The response must consist of the lines below from the one with "Kindergarten Daycare Flyer Templates 6972717" through the one with "31 creative and", exactly as they appear and with both ends kept.

====== LISTED RECORDS ======

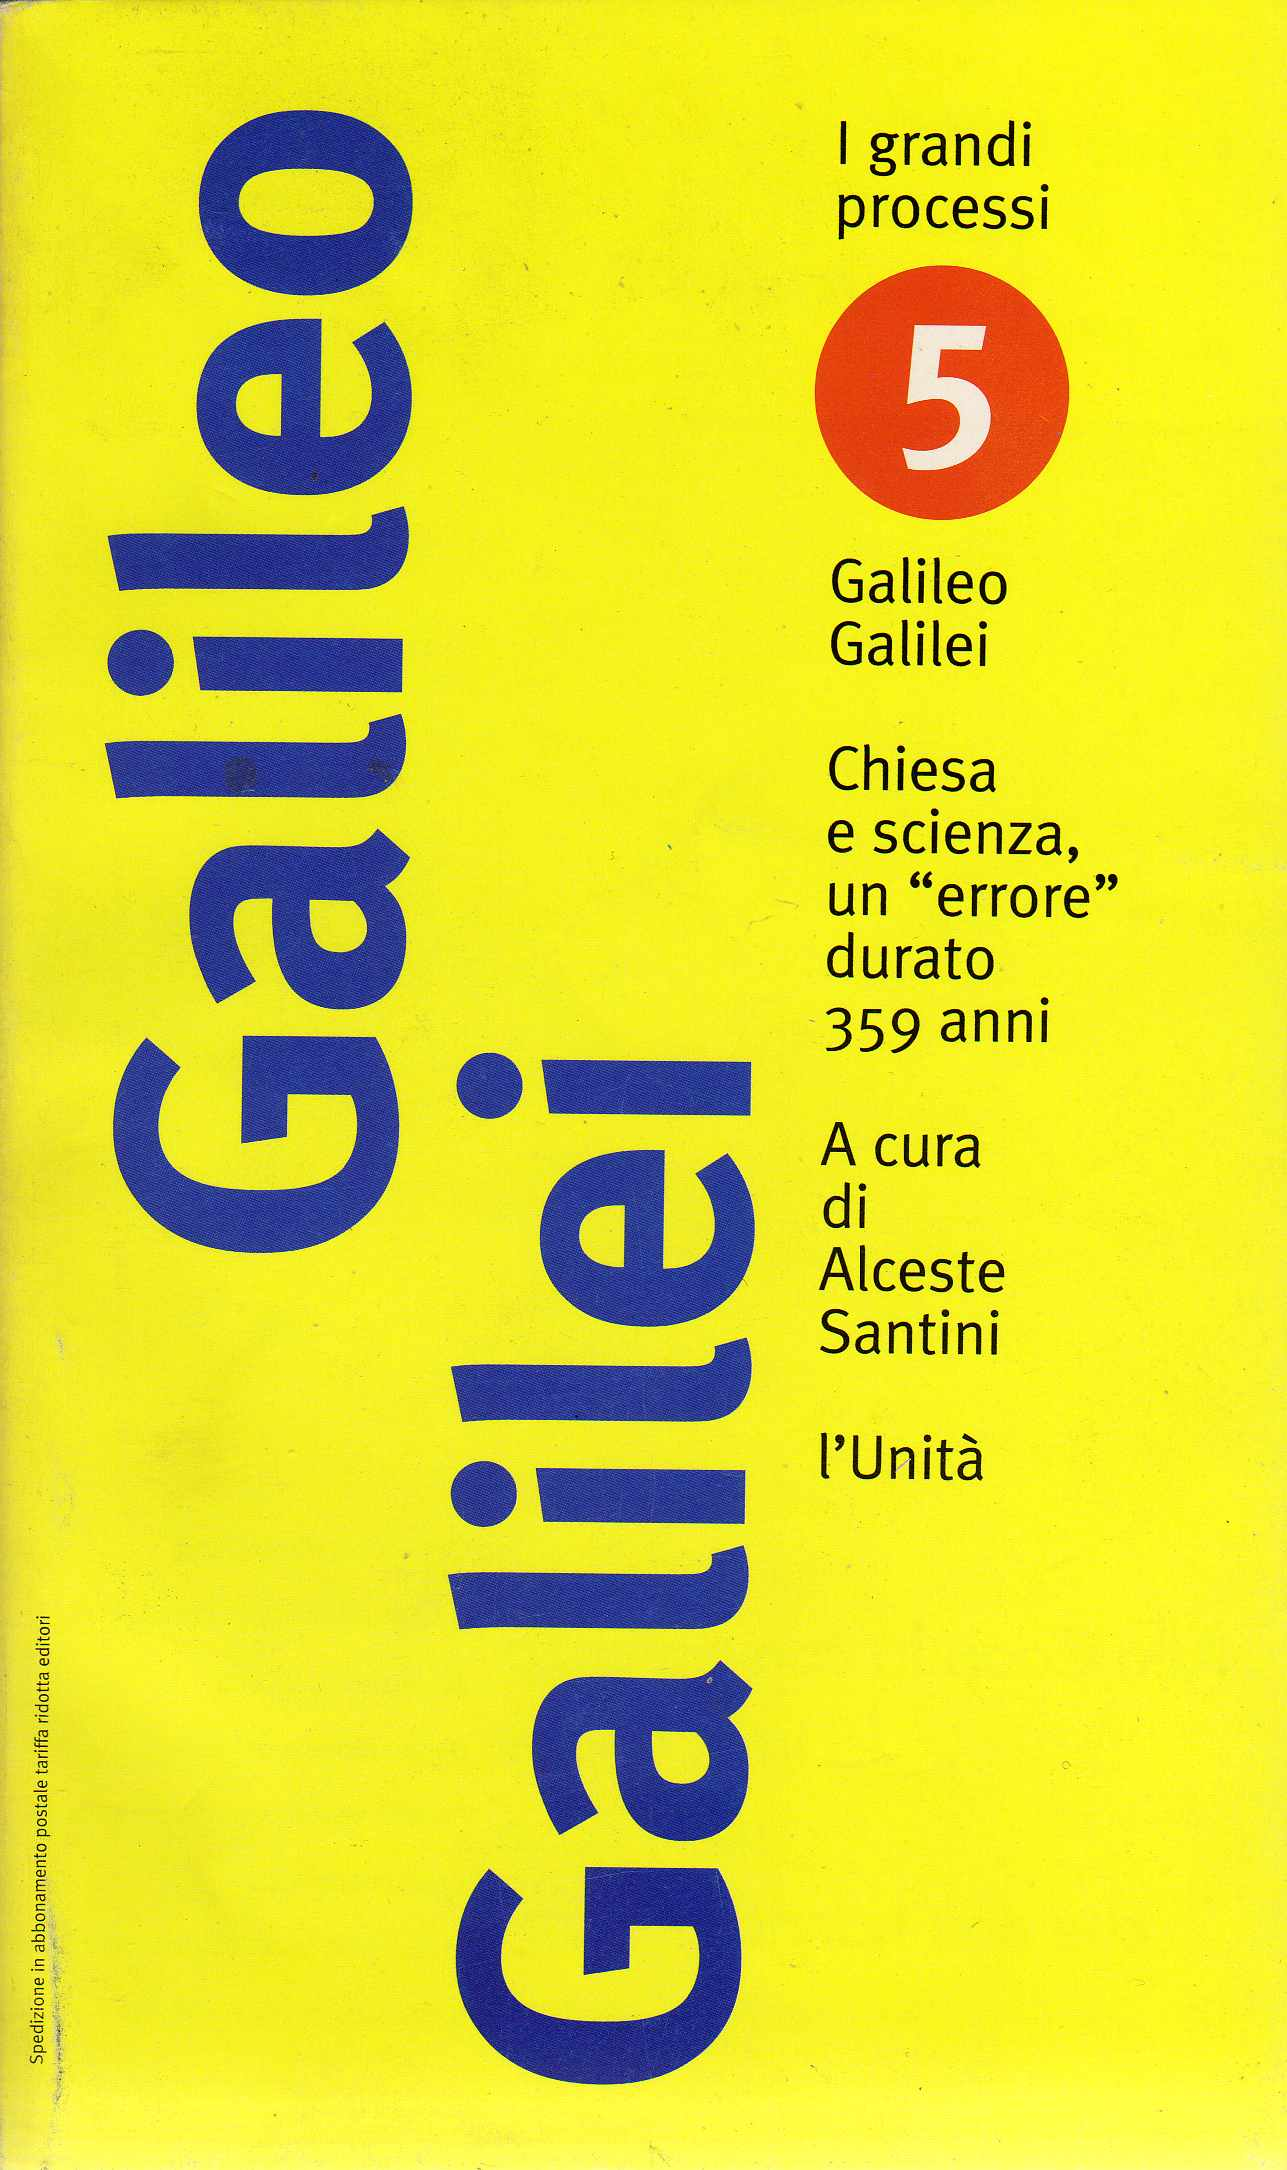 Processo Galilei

======
====== LISTED RECORDS ======

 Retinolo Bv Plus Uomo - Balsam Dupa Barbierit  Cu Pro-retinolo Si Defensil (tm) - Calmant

======
====== LISTED RECORDS ======

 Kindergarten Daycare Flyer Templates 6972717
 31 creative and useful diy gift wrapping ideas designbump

======

- **ANSWER TO THIS PROBLEM**:
 Kindergarten Daycare Flyer Templates 6972717
 31 creative and useful diy gift wrapping ideas designbump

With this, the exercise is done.